說完,他忽然從口袋掏出一小瓶口服液,卡在指戒處輕力一掰,隨即瓶口抵上削薄唇瓣。
甚至懶得用手拿,直接牙齒含咬住細小玻璃瓶,仰起頭,一口接一口,慢條斯理地吞咽。偏偏還斂下薄睫,半眯起眸子睨著她,眼尾勾著點靡頹的笑。
那是抑制頭痛的藥。
從第一次見過盛欲開始,從因為盛欲而改變人格以後,就一直若隱若現存在的頭痛。
此刻他們置身玻壁的包圍里,館內裝潢如港式電影的做舊膠片感,燈色搖晃昏暈的暗光,視域所及是萬般深沉的靛藍。
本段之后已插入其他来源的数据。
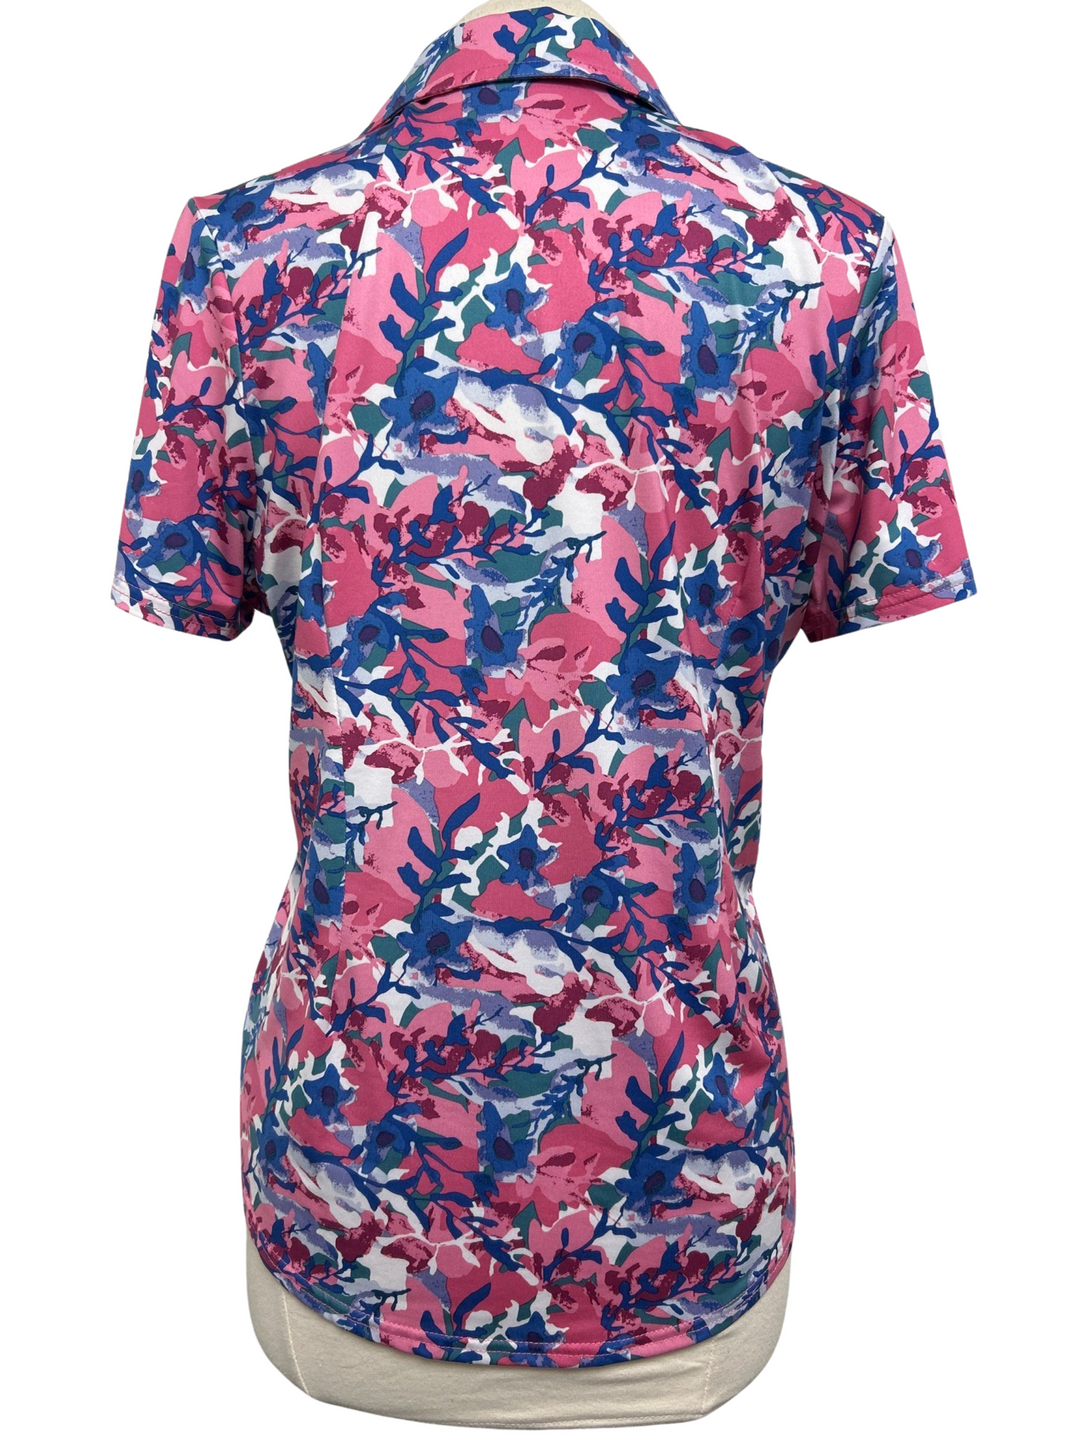 Jofit Pink Blue Floral Short Sleeve Top - Size Large - Skorzie
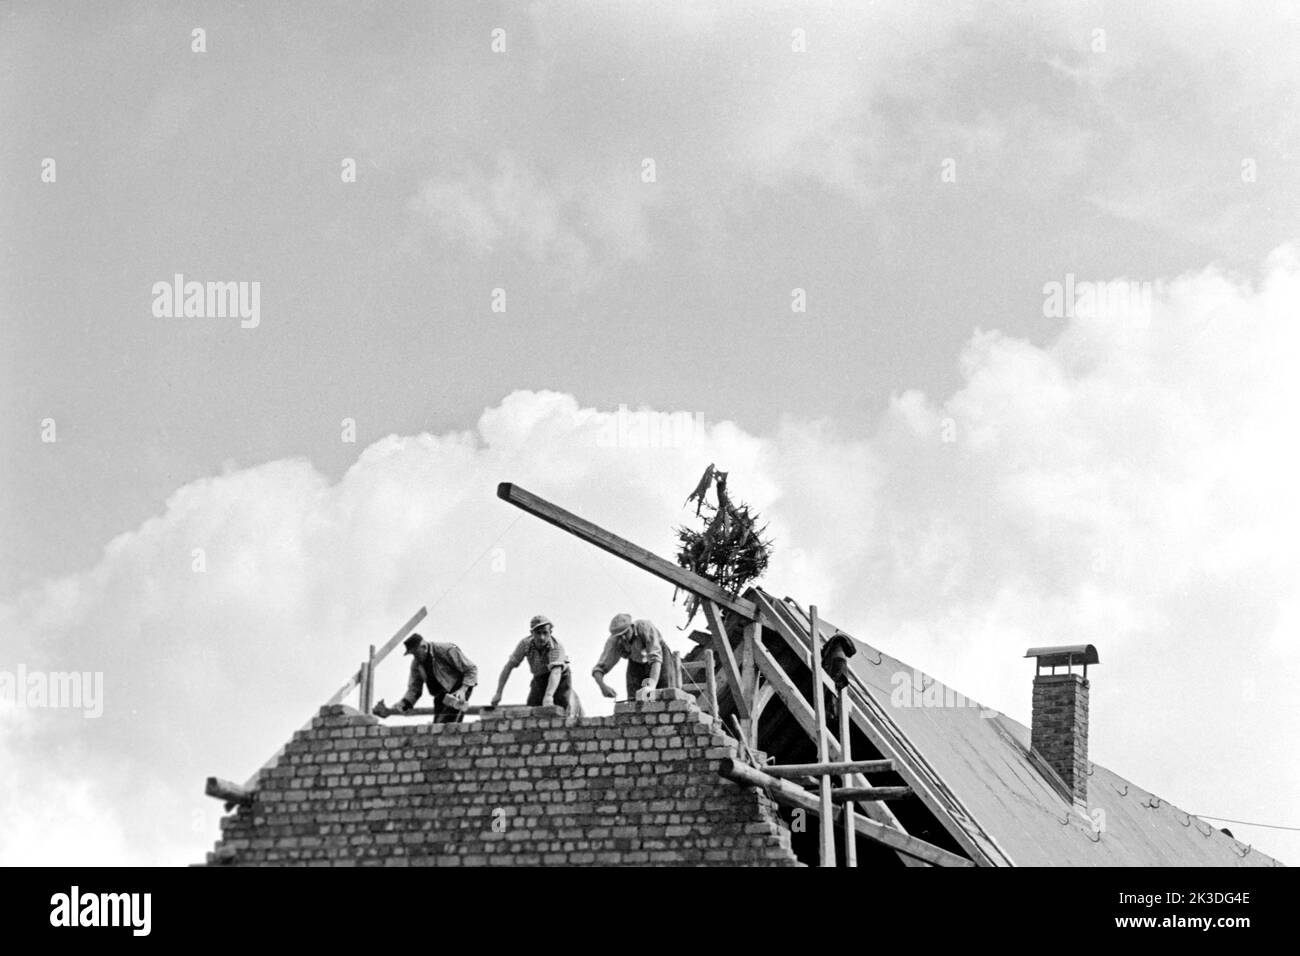 Hausbau in Prüm in der Eifel, circa 1952. Dwelling under construction in Prüm, Eifel Region, around 1952. Stock Photo

人煙熙攘中,有孩童轉圈吹起成串成串的皂沫泡泡,折射各式如液態涌動的夢幻色彩。
浪痞桀驁的人格,喝個藥都特立獨行。
盛欲在心裡忍不住吐槽。
略帶愣滯的目光卻有些無處落腳。倏爾,有透明氣泡杳杳飄悠在半空,盛欲下意識抬眼追隨,不料氣泡恰好浮滯兩人之間,任由她的視線穿透,凝定眼前男人,見他膚質偏白,脖頸線條修勻,喉結欲色滾水。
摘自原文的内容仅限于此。